At the heart of this former British colony is Hong Kong Island, whose northern rim is lined with skyscrapers in the district, called Central.
Just across Victoria Harbour is Kowloon, the southernmost part of the New Territories.
The classic experience of Hong Kong is, and always has been, a crossing of Victoria Harbour on one of the Star ferries, brave little craft that have been ploughing this short route, back and forth, night and day, for a hundred years…a timeless experience. The ship sails, regular passengers reverse their wooden seat backs with a familiar clatter to catch the cooler breeze, and there is a ringing of bells and shouting of seamen that might sound as if it came directly from the China seas of antiquity. Look around you, though, and you will discover that really this is a voyage of perpetual change.

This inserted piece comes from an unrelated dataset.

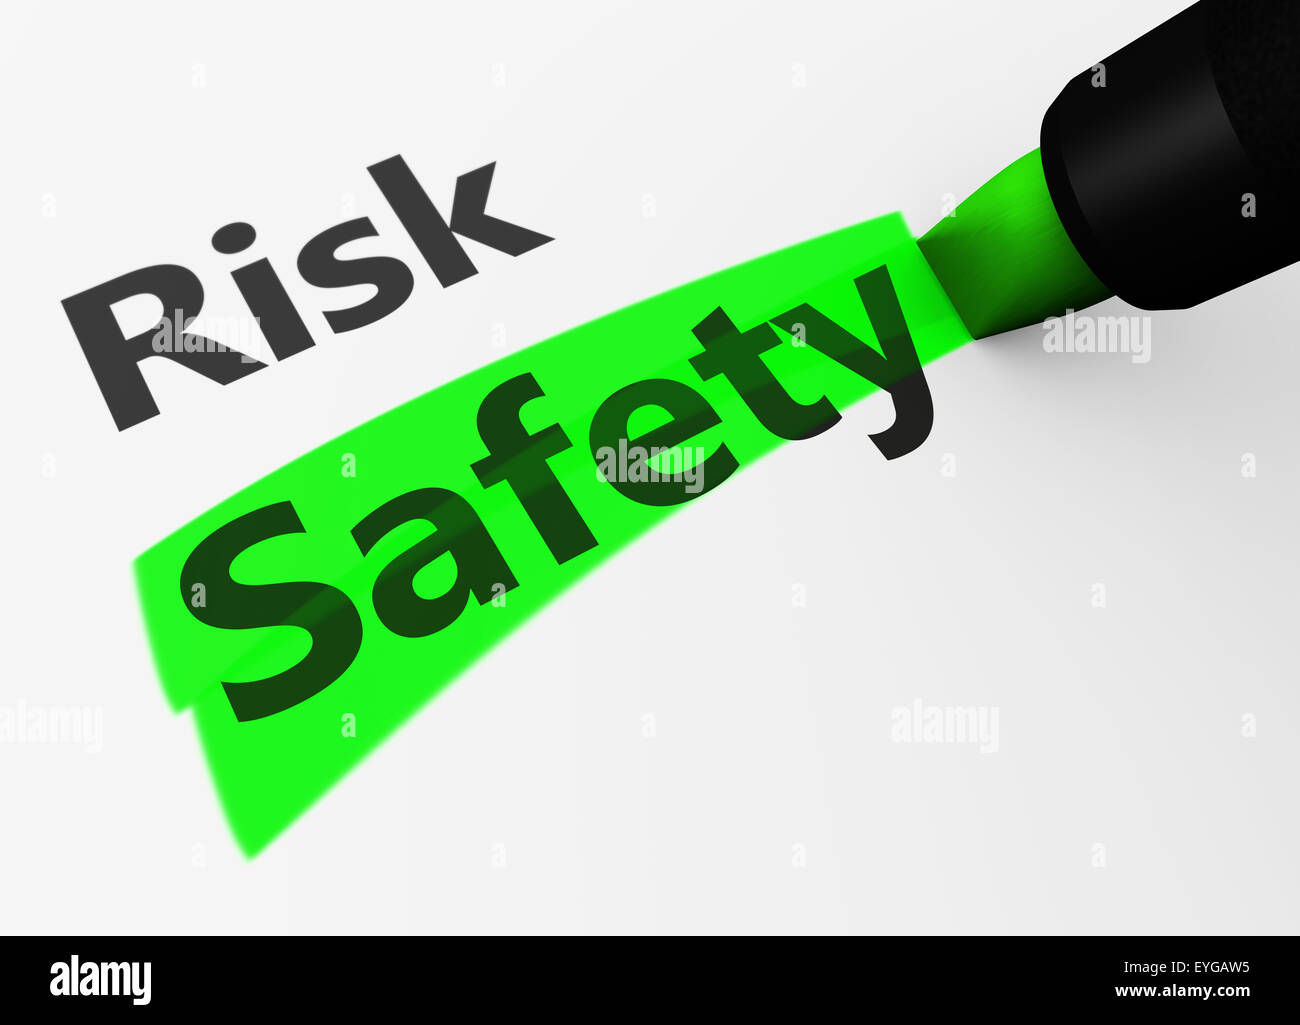 Safety and security concept with a 3d render of risk text and safety word highlighted with a green marker. Stock Photo

As always the harbour seems to be jammed with a thousand vessels, but they range from the most ravaged and antique of sampans to container ships so futuristic that they scarcely look like ships at all. The skyline of the harbour is sure to be cluttered with construction cranes, and its buildings are a dizzy ensemble of styles, tastes, and ages—vast, showy skyscrapers, drab old tenement blocks, structures clad in gold or silver, massed slabs of concrete and red brick and steel, the whole orchestrated by the inescapable thumping of steam-hammers and violently expressing the power of materialist progress.